## Data Integration

This notebook includes steps for integrating of two tables 'tracks_sample.csv' and 'songs_sample.csv' based on the matching pairs. These two table has two different schemas. Thus, schema of the final table E is the union of these two table's schema.

### Loading libraries and reading data

In [2]:
import pandas as pd
import os
import re

songs = pd.read_csv('dataset/songs_sample.csv')
tracks = pd.read_csv('dataset/tracks_sample.csv')
matchIDPairs = pd.read_csv('dataset/labeled_data_stage4.csv')

# filtering the matched tuples from both dataset 
matchedTracks = tracks[tracks['id'].isin(list(matchIDPairs['ltable_id']))]
matchedSongs = songs[songs['id'].isin(list(matchIDPairs['rtable_id']))]

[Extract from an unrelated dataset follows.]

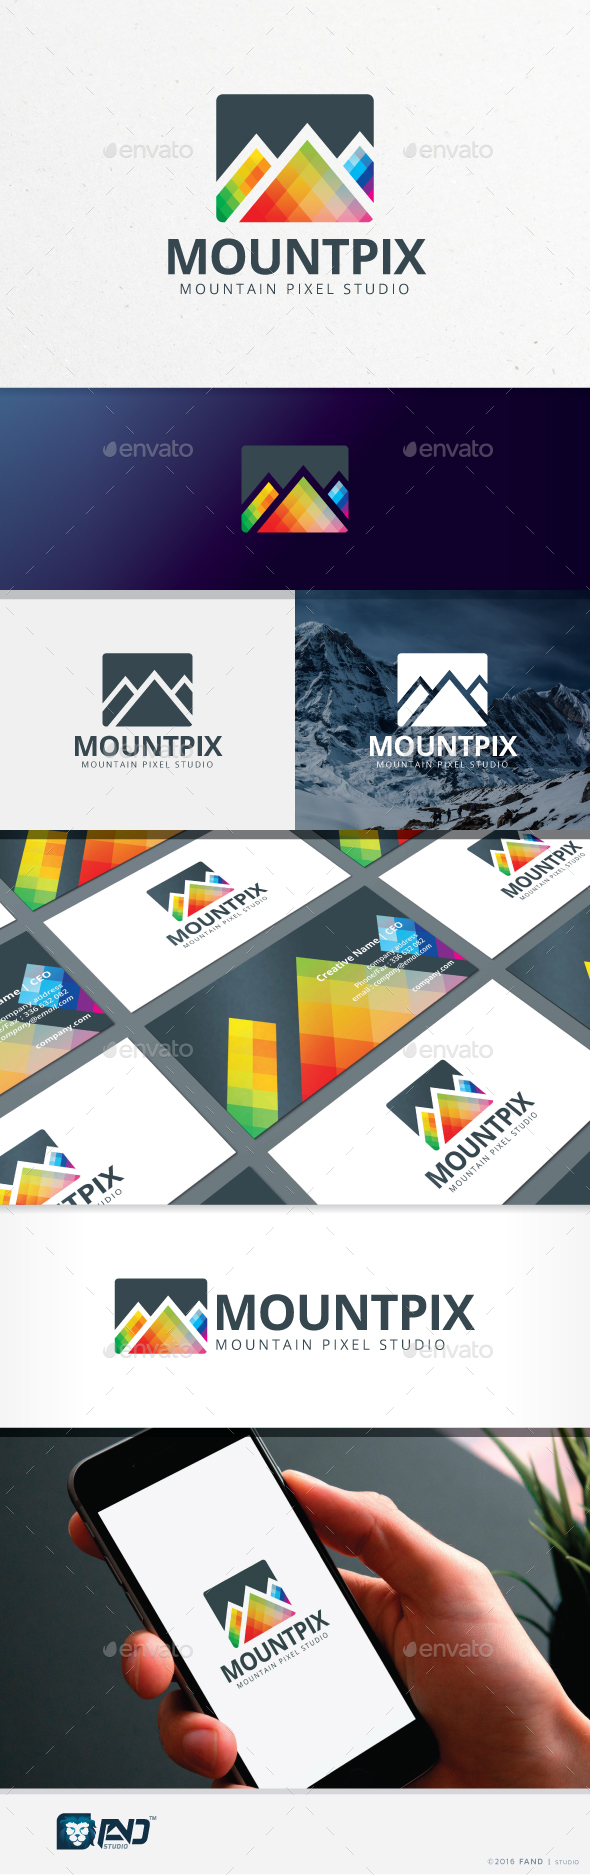 Mountain Pixel

#assert(len(matchedTracks)==len(matchedSongs))
len(matchedTracks), len(matchedSongs)

(13316, 14323)

In [3]:
len(set(matchIDPairs['ltable_id'])), len(set(matchIDPairs['rtable_id'])), len(matchIDPairs)

(13316, 14323, 32000)

In [4]:
matchedTracks.head()

Unnamed: 0,id,movie_title,year,episode,song_title,artists
3,655369,the dark chronicles,2011.0,,in the pines,the stanley brothers
7,262157,the porter wagoner show,1961.0,the osborne brothers (#1.517),strawberry song,barbara lea
10,262158,the porter wagoner show,1961.0,the osborne brothers (#1.517),the carroll county accident,porter wagoner
11,524309,lou,2010.0,,free,olivia waithe+eliseus joseph jr+julian griffit...
12,393239,class of 1984,1982.0,,aint got no sense,teenage head


In [5]:
matchedSongs.head()

Unnamed: 0,id,song_title,artists,year
4,543601,we will rock you,andrew spencer,0
16,418130,robot lover,jack oblivian,0
35,822820,in that number,the perrys,0
39,473233,so far away,john lord fonda,2004
46,766296,child of the ghetto (album version),g. dep,0


In [6]:
matchIDPairs.head()

Unnamed: 0,_id,ltable_id,rtable_id,ltable_song_title,ltable_year,ltable_artists,rtable_song_title,rtable_year,rtable_artists,gold_labels
0,7992,172624,543601,you will find me,2003.0,andrew ripp,we will rock you,0,andrew spencer,0
1,16183,634097,418130,sweet lover,1989.0,jack green+ian orkin,robot lover,0,jack oblivian,0
2,30794,392501,822820,in time,2015.0,find the others,in that number,0,the perrys,0
3,37332,611536,473233,over the hills and far away,1995.0,john tams,so far away,2004,john lord fonda,0
4,37484,723458,473233,carried away,2006.0,john dickson,so far away,2004,john lord fonda,0


### Merging two tables 

In [8]:
import math

#Schema of the merged table
E = pd.DataFrame(columns = ['movie_title','year','episode','song_title','artists'])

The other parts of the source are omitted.